Seminar: Quantum Cuts : A Quantum Mechanical Spectral Graph Partitioning Method for Salient Object Detection, Çağlar Aytekin, Tampere University of Technology
Çağlar Aytekin, Department of Signal Processing, Tampere University of Technology
Title: Quantum Cuts : A Quantum Mechanical Spectral Graph Partitioning Method for Salient Object Detection
Date: October 6, 2016 Thursday
Place: Seminar Hall, Computer Engineering Department
Salient Object Detection can be defined as highlighting the objects that visually stand out from the rest of the environment. The growing interest in this topic can be explained by its many direct applications such as image and video coding, summarization and object tracking. Moreover, it can be used to reduce the complexity of higher level Computer Vision tasks by reducing their search space. This talk focuses on this important and emerging Computer Vision task and describes novel approaches and methods for salient object detection in images and videos.
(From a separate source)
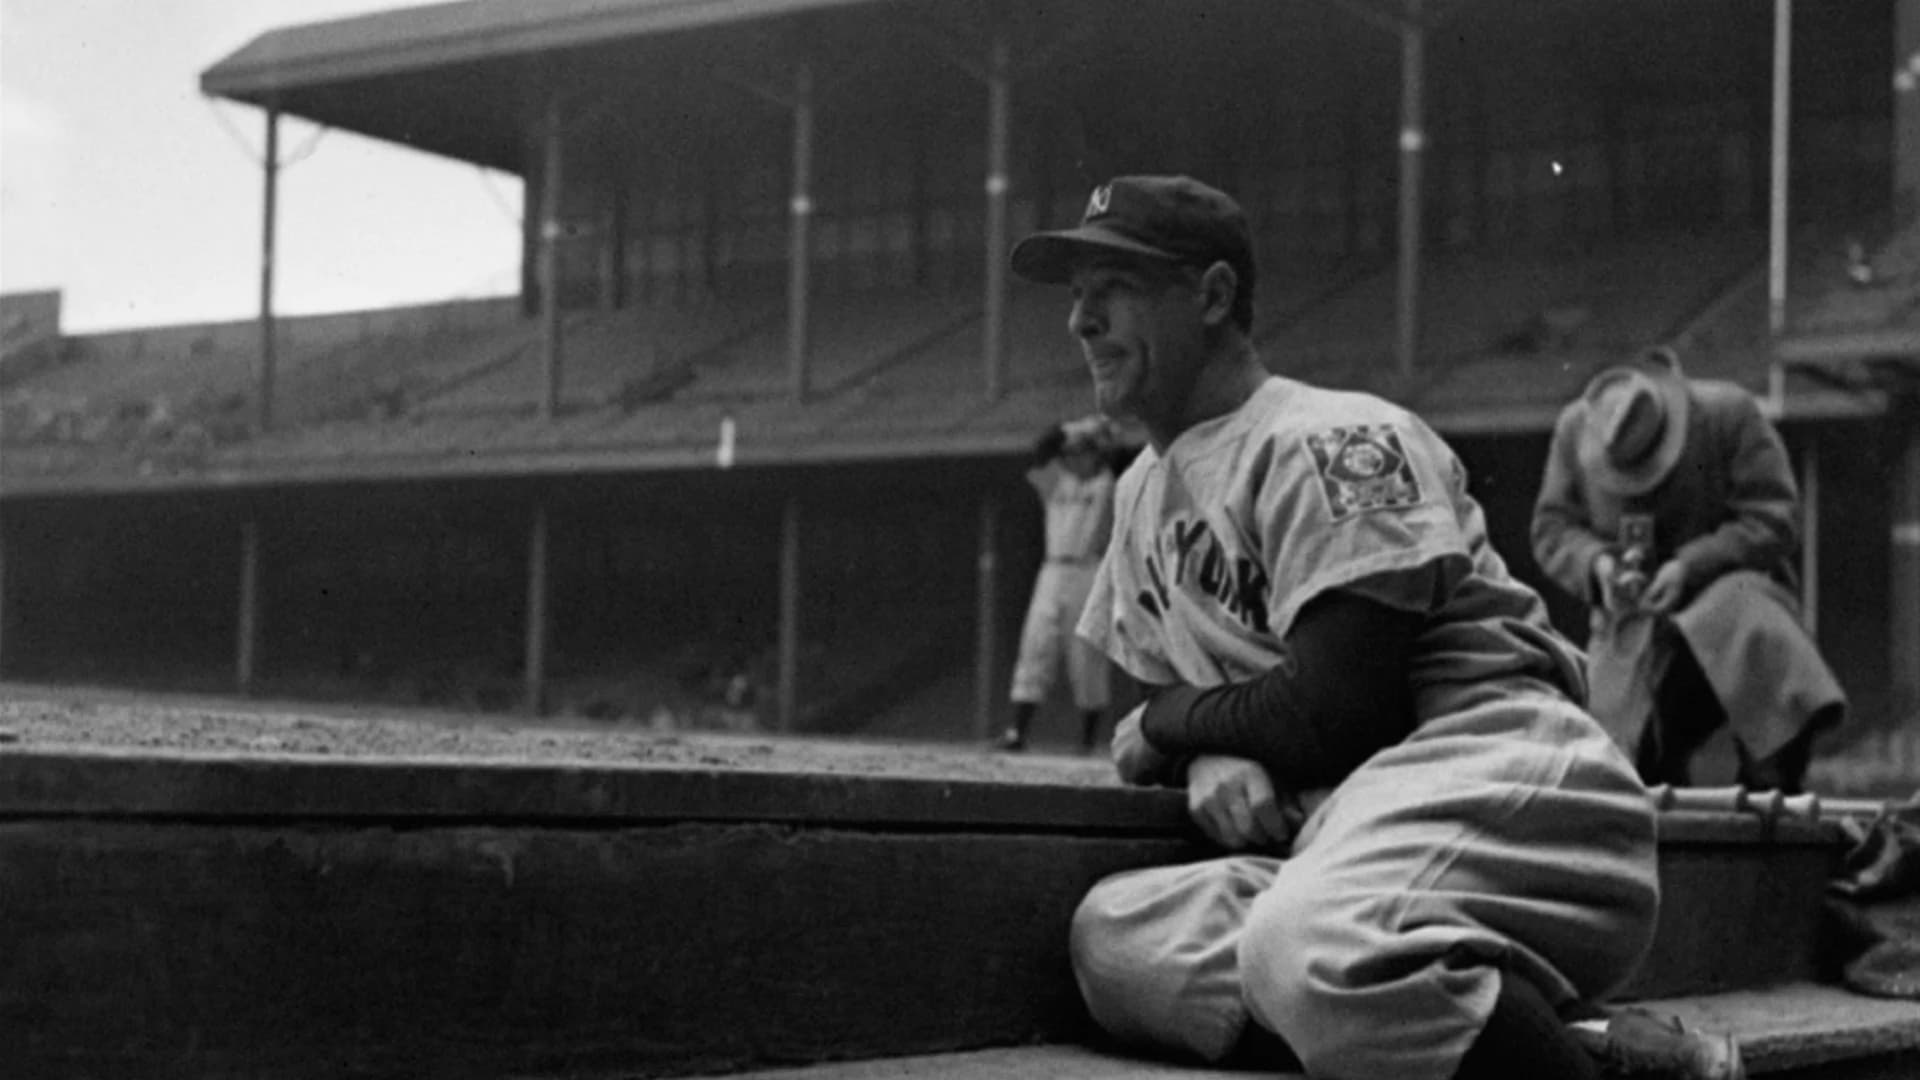 MLB's Lou Gehrig Day to celebrate his legacy, the ongoing fight against ALS

First part of the talk is constituted of a direct application of ideas originally proposed for describing the wave nature of particles in Quantum Mechanics and expressed through Schrödinger's Equation, to salient object detection in images. Second part introduces a spectral graph based salient object detection method, namely Quantum Cuts. The proposed method adopts a novel approach to spectral graph partitioning by integrating quantum mechanical concepts to Spectral Graph Theory. The third part of the talk covers improvements and extensions on Quantum Cuts by analyzing the main factors that affect its performance in salient object detection. Finally future directions in salient object detection research will be discussed.
Çağlar Aytekin was born in Turkey in 1987. He received the B.Sc. degree from the Electrical and Electronics Engineering Department from Middle East Technical University, Ankara Turkey in 2008. He received the M.Sc. department with Signal Processing major from Middle East Technical University, Ankara, Turkey in 2011. He is currently a Ph.D student and researcher in Department of Signal Processing, Tampere University of Technology. He has published 16 papers in international conferences and journals. He has won the the ICPR 2014 Best Student Paper Award for his work in unsupervised salient object detection. His research interests are, visual saliency, semantic segmentation, quantum mechanics based computer vision methods and deep learning.
Selen Pehlivan, TED University
Title: Human activity analysis
Date: June 9, 2016 Thursday
In this talk, I will summarize our work on human activity analysis. First, focusing on multiple camera views, I will describe our method for fusion of frame judgments. We have shown that when there are enough overlapping views to generate a volumetric reconstruction, our recognition performance is comparable with that produced by volumetric reconstructions. Then, I will shortly introduce our recent work on weakly-supervised spatial-temporal action localization.
In the second part of the talk, I will present our work on fine-grained categorization. We introduce a unified approach for classification and keypoint localization, targeting subcategories with wide pose variations and high intra-class similarities. We apply our method to identifying instances of birds.
Finally, I will present our recent effort on action understanding to investigate the representational properties of the Action Observation Network using fMRI and modeling. In our study, we used powerful computational tools from computer vision as well as attribute-based semantic models to represent the videos consisting of natural actions, and linked those models to the brain responses (fMRI) using representational similarity analysis.
Selen Pehlivan holds a B.S. (Bilkent University, 2004) and an M.S. (Koç University, 2006) in Computer Engineering. Between 2004 and 2006, she was a member of the 3DTV EU Project. She got her Ph.D. degree (Bilkent University, 2012) also in Computer Engineering. From August 2009 to February 2011, she was a visiting scholar in Department of Computer Science at University of Illinois at Urbana-Champaign (UIUC). During her graduate studies, she worked as a research and teaching assistant. Before joining TED University, she was a postdoctoral research associate in Computer Vision Group at University of Central Florida (UCF).
Dr. Pehlivan is working on computer vision and machine learning with a primary focus on human activity understanding with video interpretation and object recognition.